» **Dataset section**
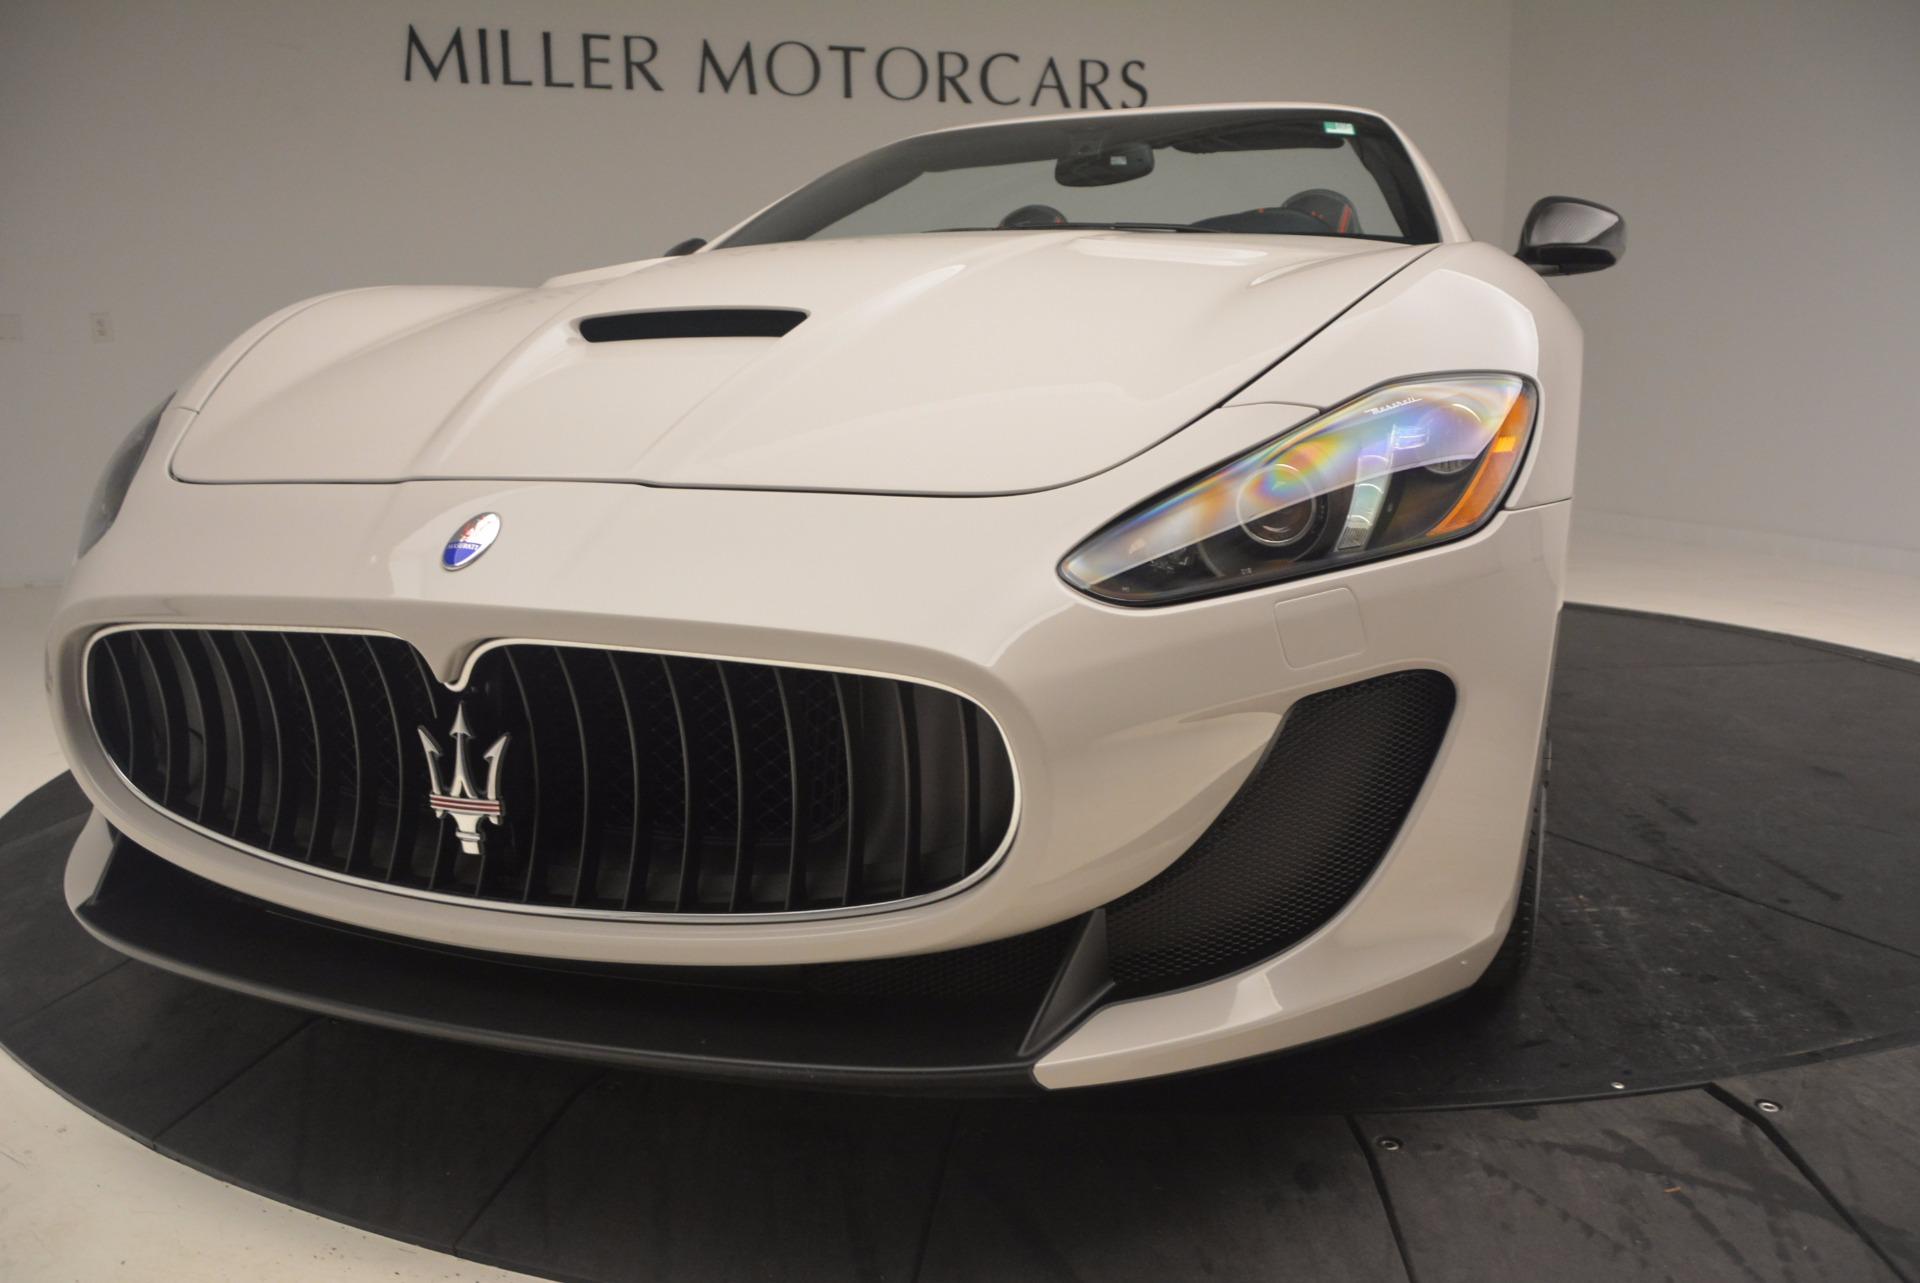 Used 2015 Maserati GranTurismo MC Centennial For Sale In Greenwich, CT 1107_p25
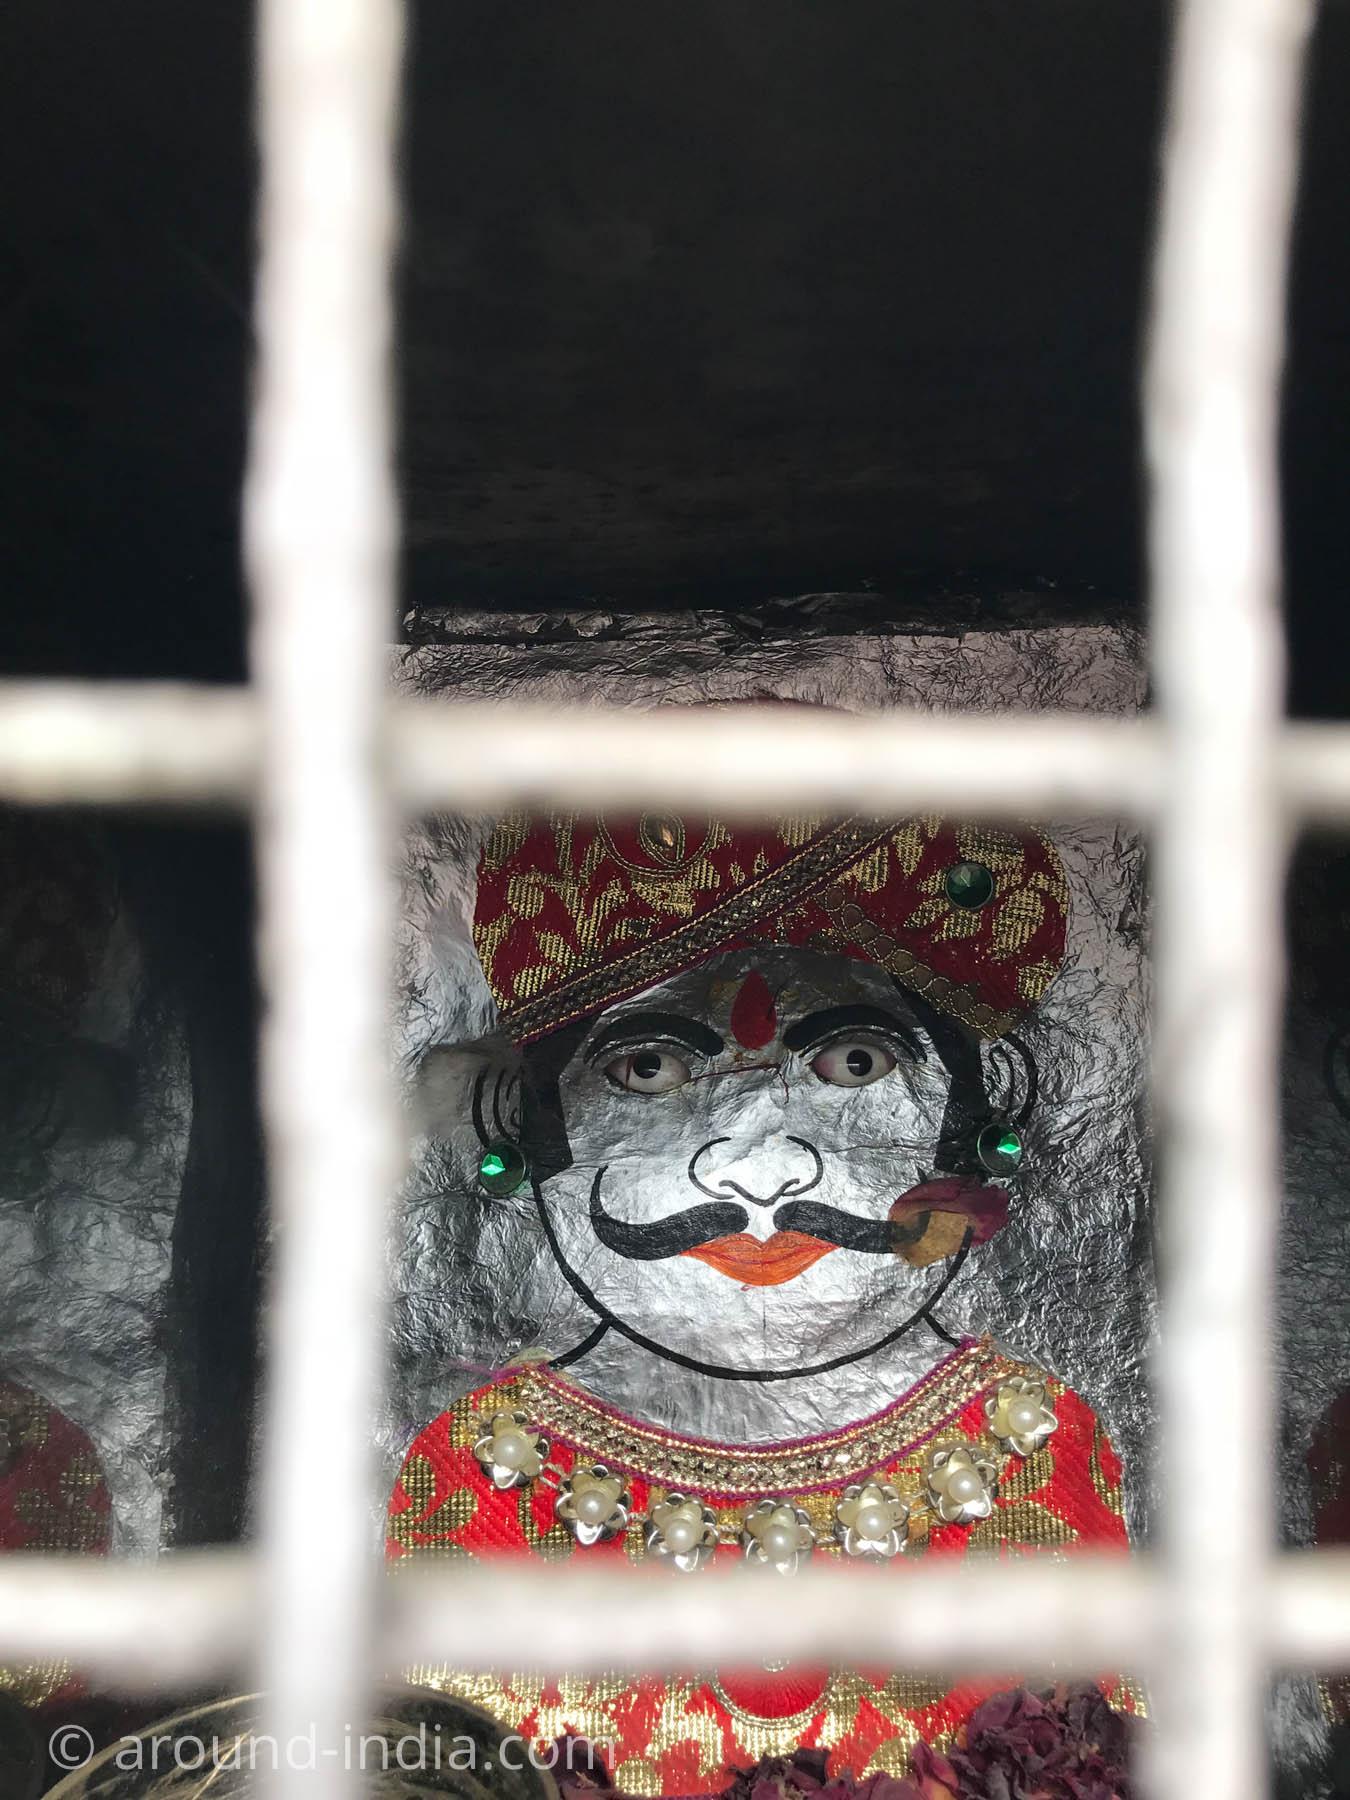 ウダイプルのローカル神様はマハラジャ
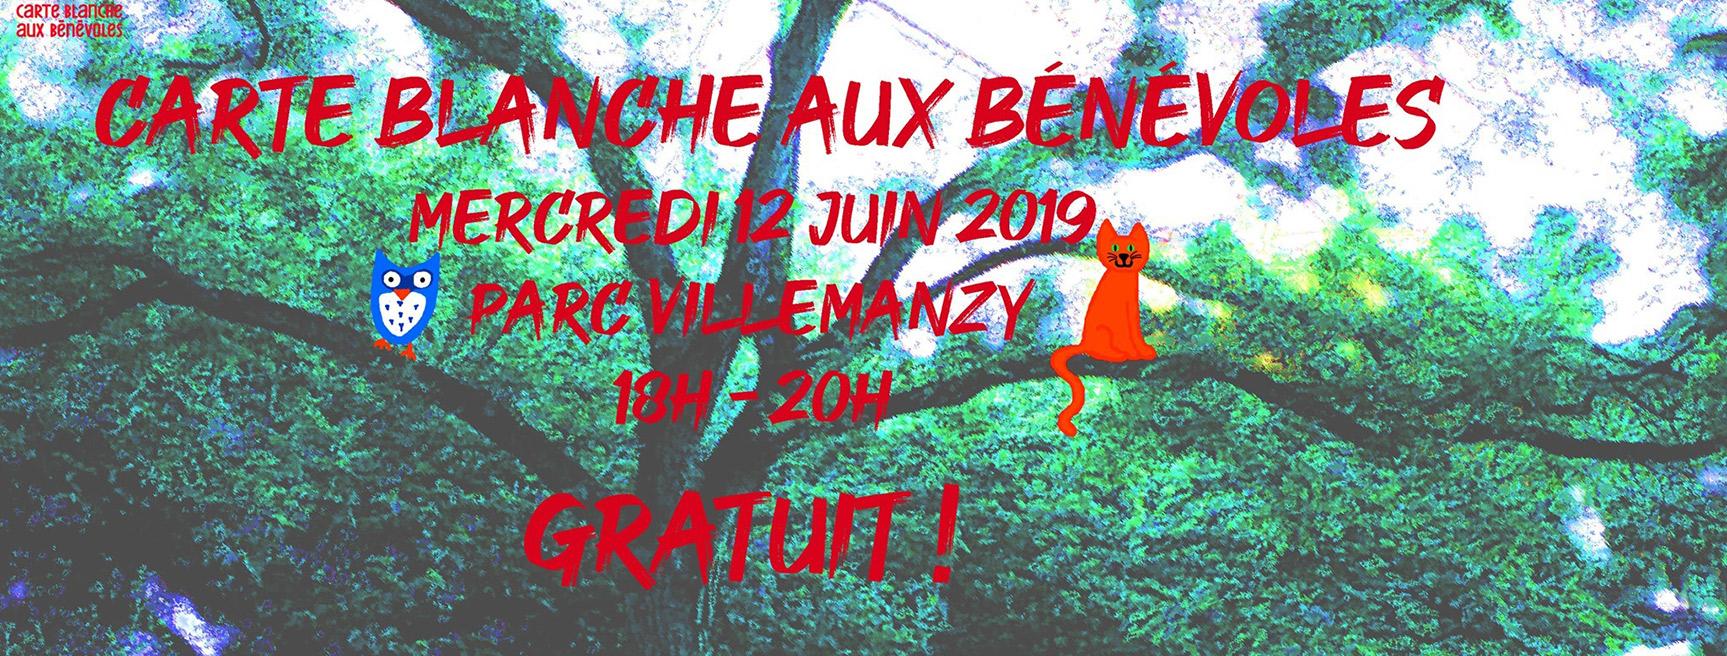 CARTE BLANCHE AUX BÉNÉVOLES #9
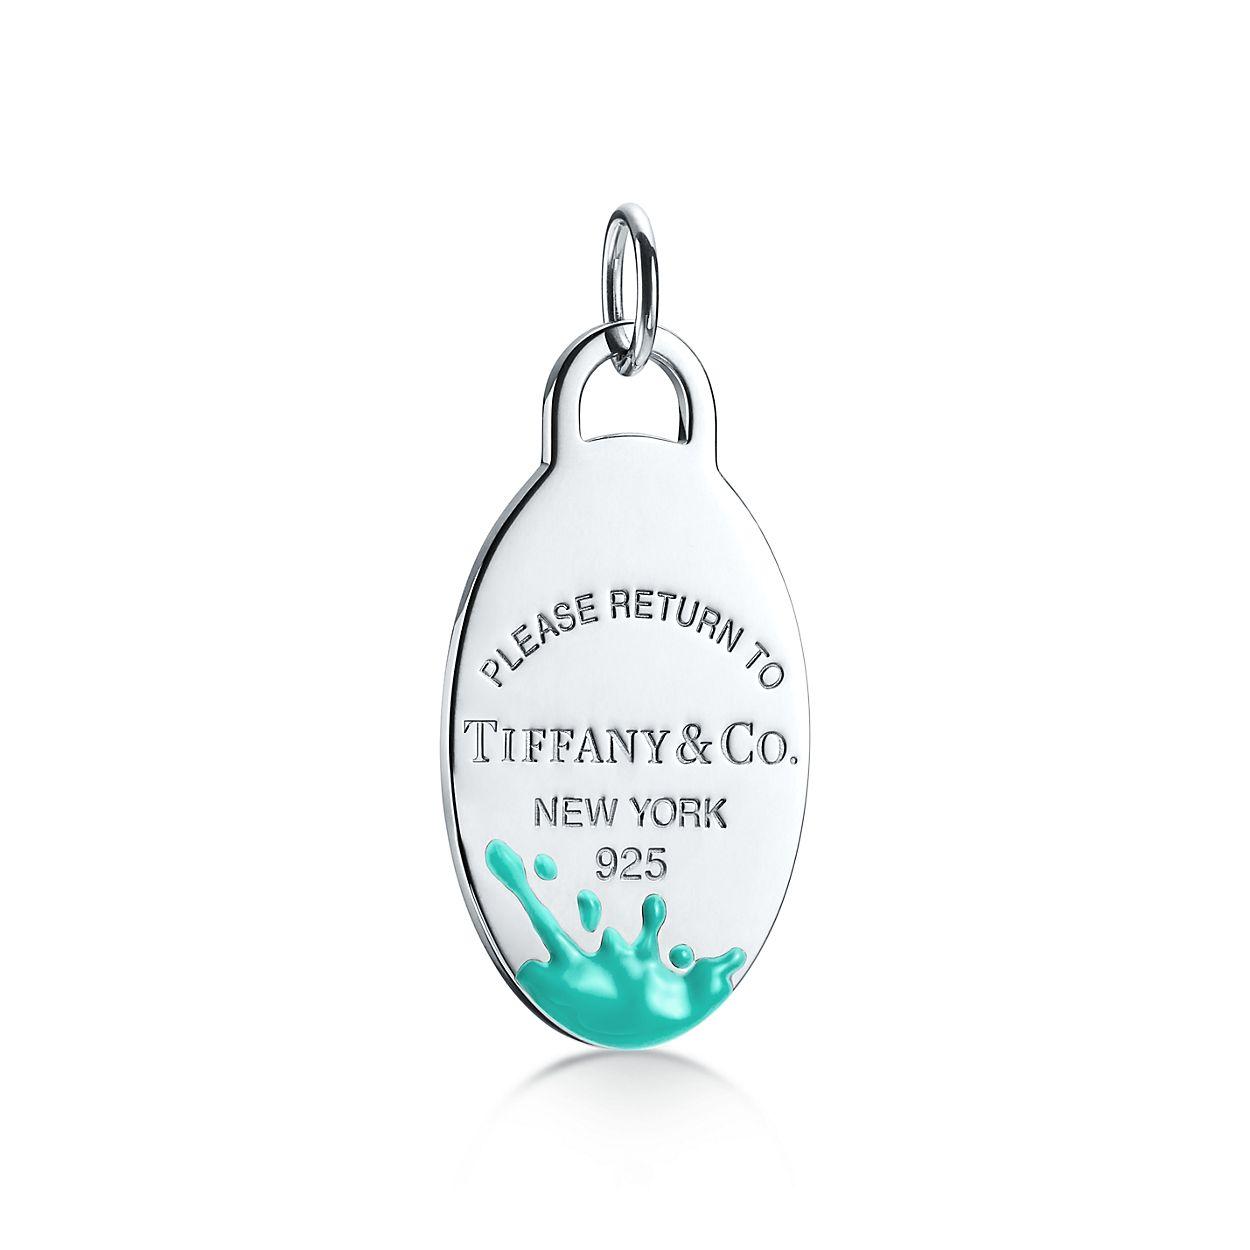 Retour À La Couleur Tiffany Éclaboussures Pendentif En Argent Sterling, Grande Tiffany & Co.

» **About this exercise**
Output verbatim the lines beginning at the line with "CARTE BLANCHE AUX BÉNÉVOLES #9" and ending at the last line of the material above, inclusive. Do not carry over any pictures.

» **Solution for this problem**
 CARTE BLANCHE AUX BÉNÉVOLES #9
 Retour À La Couleur Tiffany Éclaboussures Pendentif En Argent Sterling, Grande Tiffany & Co.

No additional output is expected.